津島線津島〜藤浪間。 1998(平成10)年12月23日撮影。 

 2代目3500系(第17回)の増備車として1997(平成9)年に登場した系列。性能的には3500系と同じですが、車体が大きく変更され、全体的に直線的となりました(*1)。3500系ではT車のみだった滑走防止装置を全車に装備した他、ドアチャイムの取り付け、冷房装置の容量アップ(12500kcal/h)や座席一人当たりの幅を440mm以上とするなどの改良が行われています。また、3100系とともに名鉄でははじめて本格的にシングルアームパンタグラフを採用しています。1998(平成10)年までに5編成20輌が製造されましたが、2004(平成16)年にはステンレス車体の3代目3300系が登場したため、今後増備される可能性は低いでしょう。

(*1) 3500系と比較して、天井が90mm、客用扉開口部は42mm、窓が60mmずつ高くなり、逆に床面の高さは10mm低くなっています。

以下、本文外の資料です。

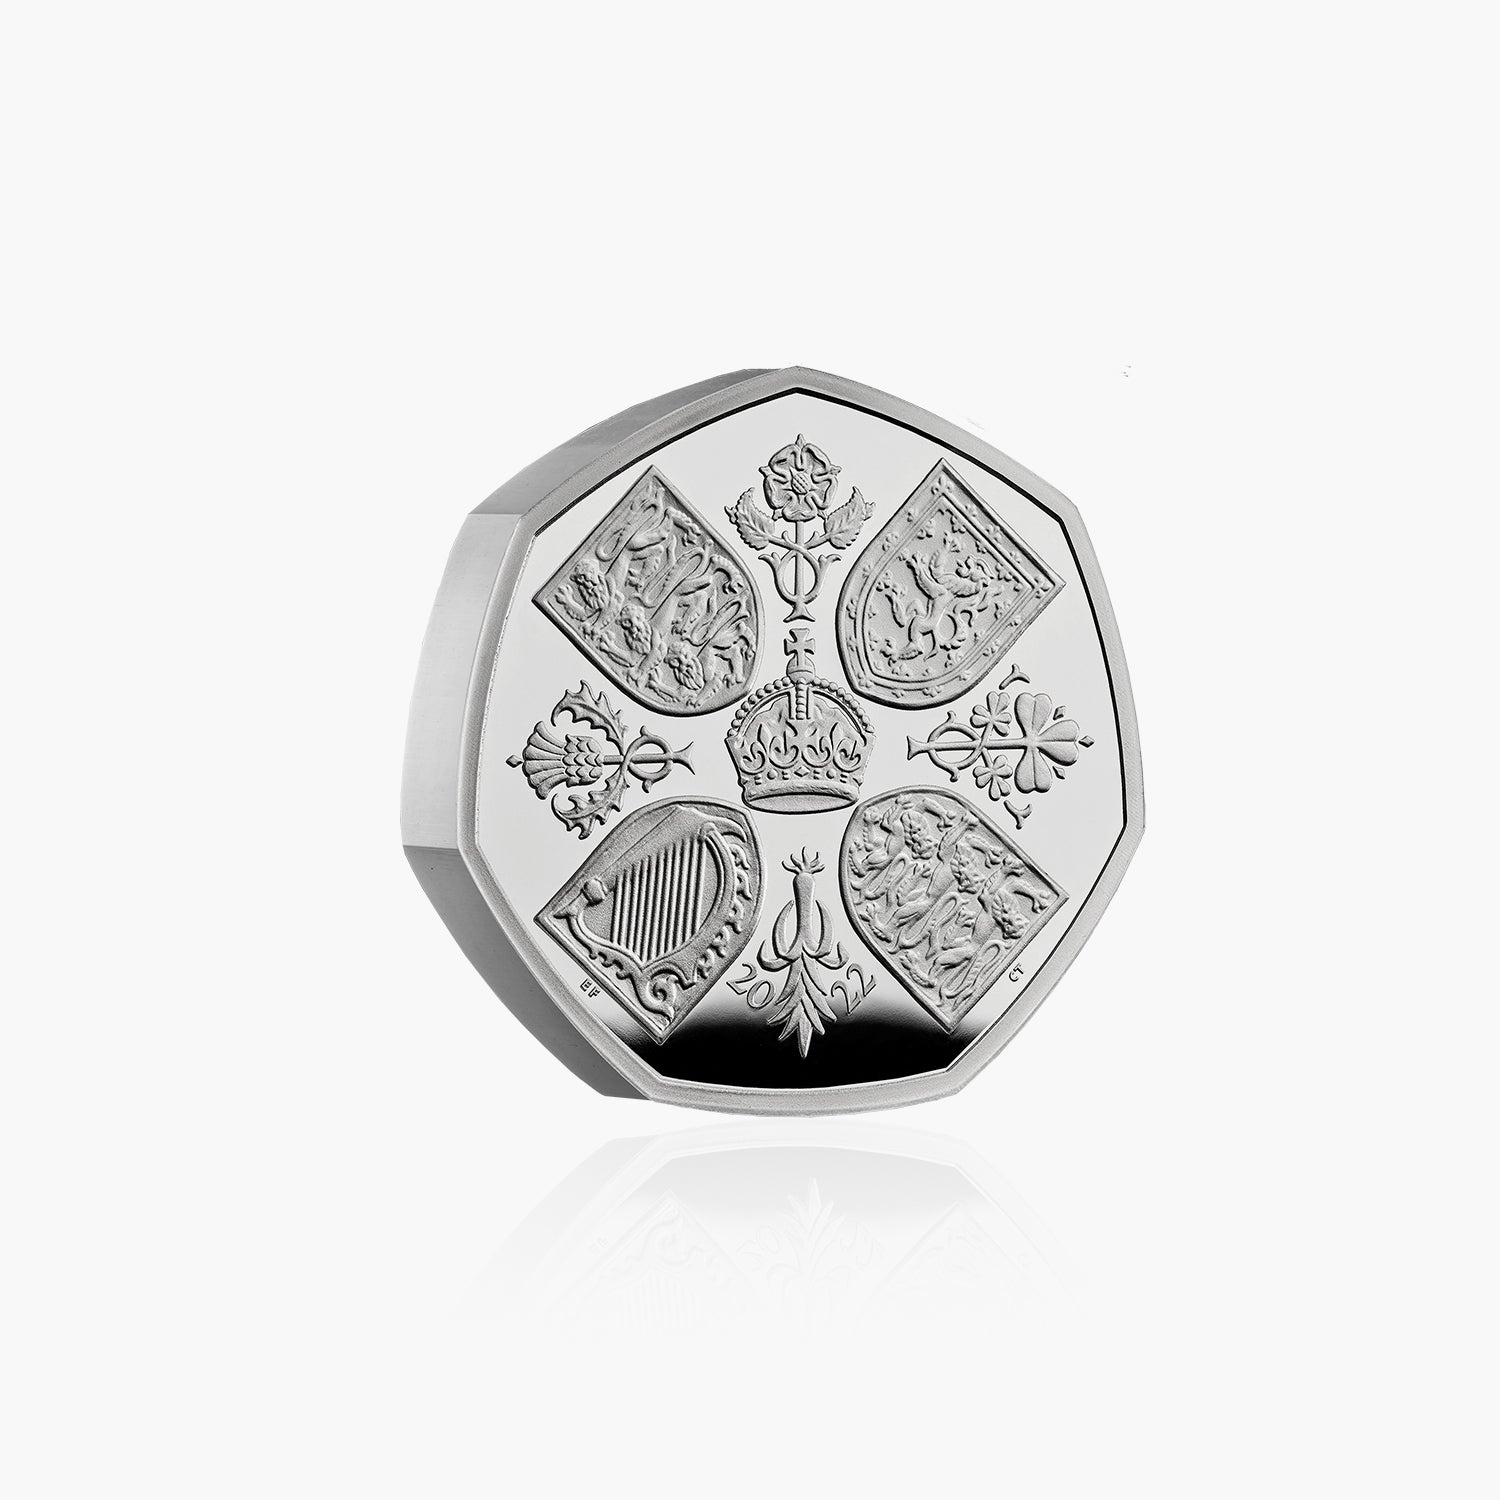 Her Majesty Queen Elizabeth II 2022 50p Silver Piedfort Coin - King Charles III first portrait
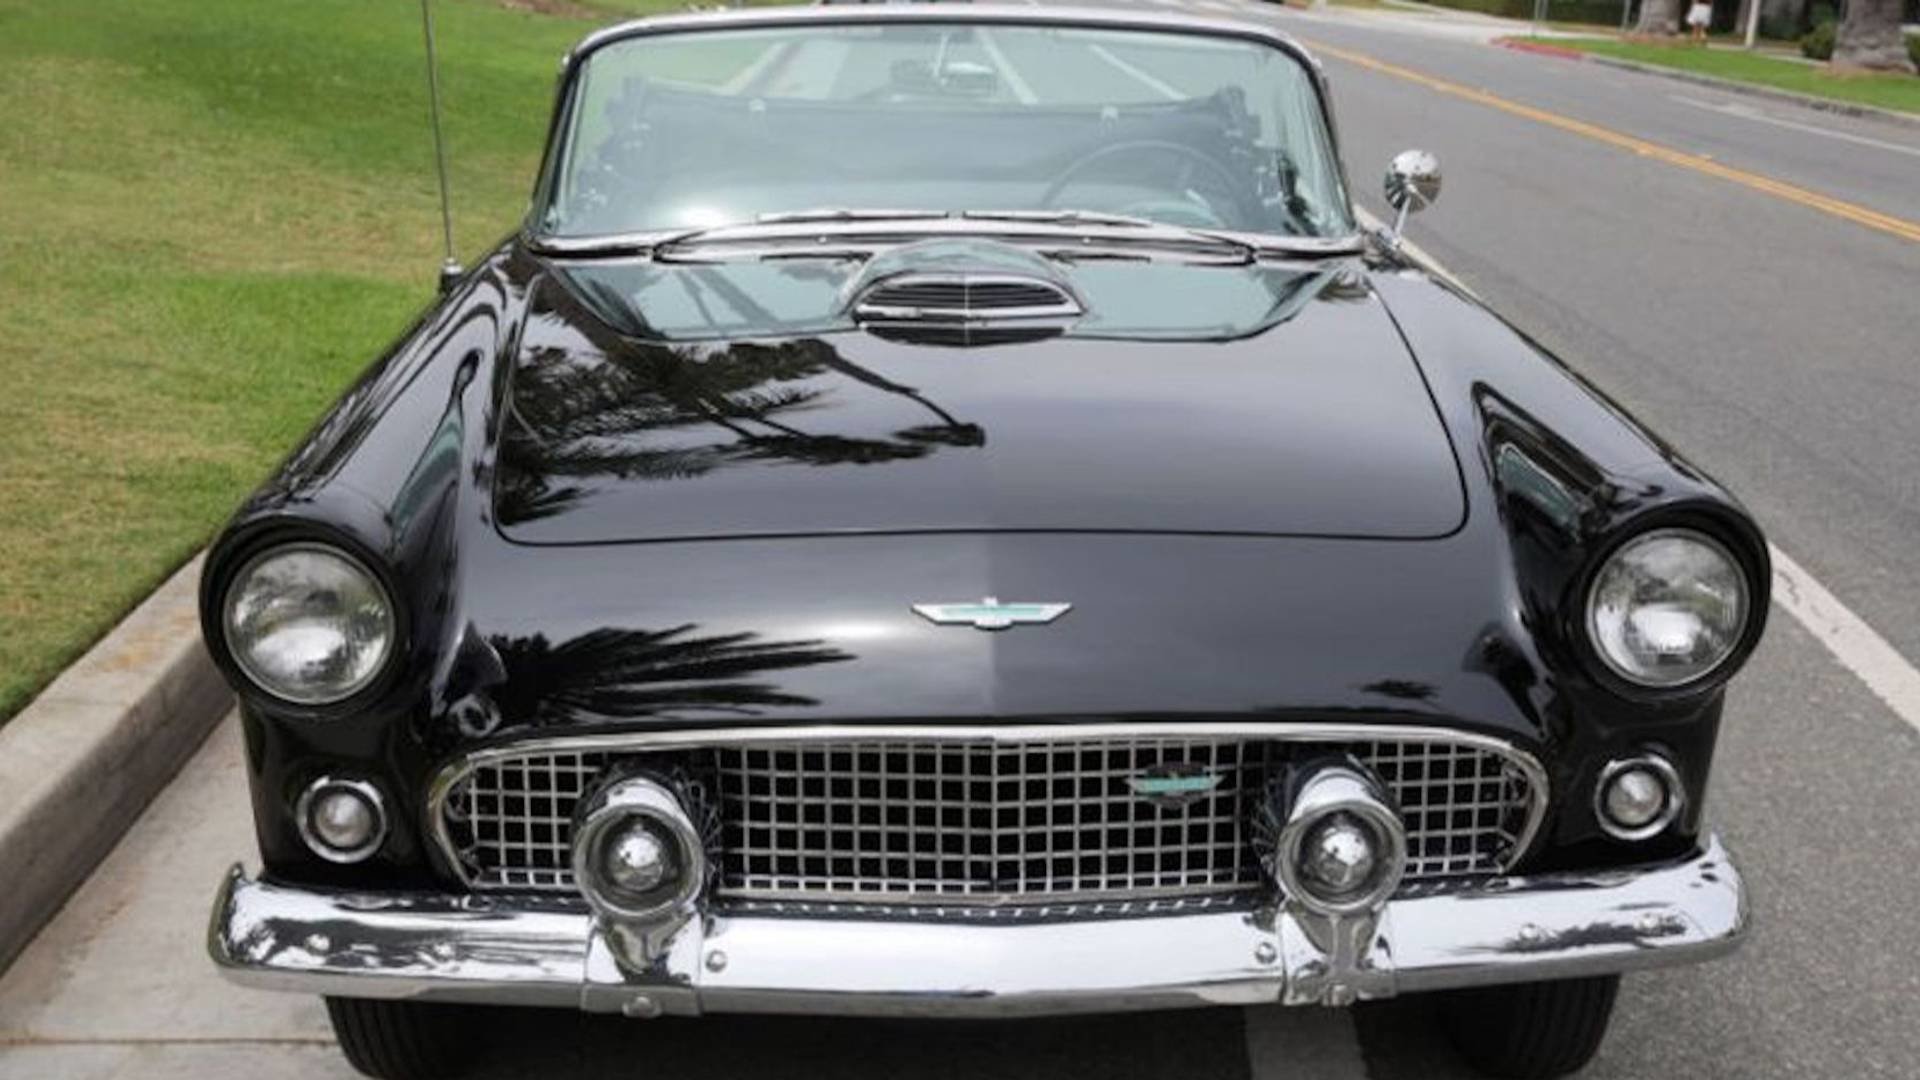 Ford Thunderbird, který mezi lety 1955 až 1962 vlastnila Marilyn Monroe

愛知県警のPR車、通称「パト電」となった3701F。 名古屋本線須ヶ口駅。 2003(平成15)年8月16日撮影。

3700系の略歴
1997(平成9)年…日本車輌でTc1(ク3700形)-M2(モ3750形)-M1(モ3850形)-Tc2(ク3800形)の4輌編成2本を製造。

1998(平成10)年…2次車として4輌編成3本を製造。方向幕を大型化、英字併記形となり、書体も変更。他に座席のモケット変更、対話式非常通報装置を設置を実施。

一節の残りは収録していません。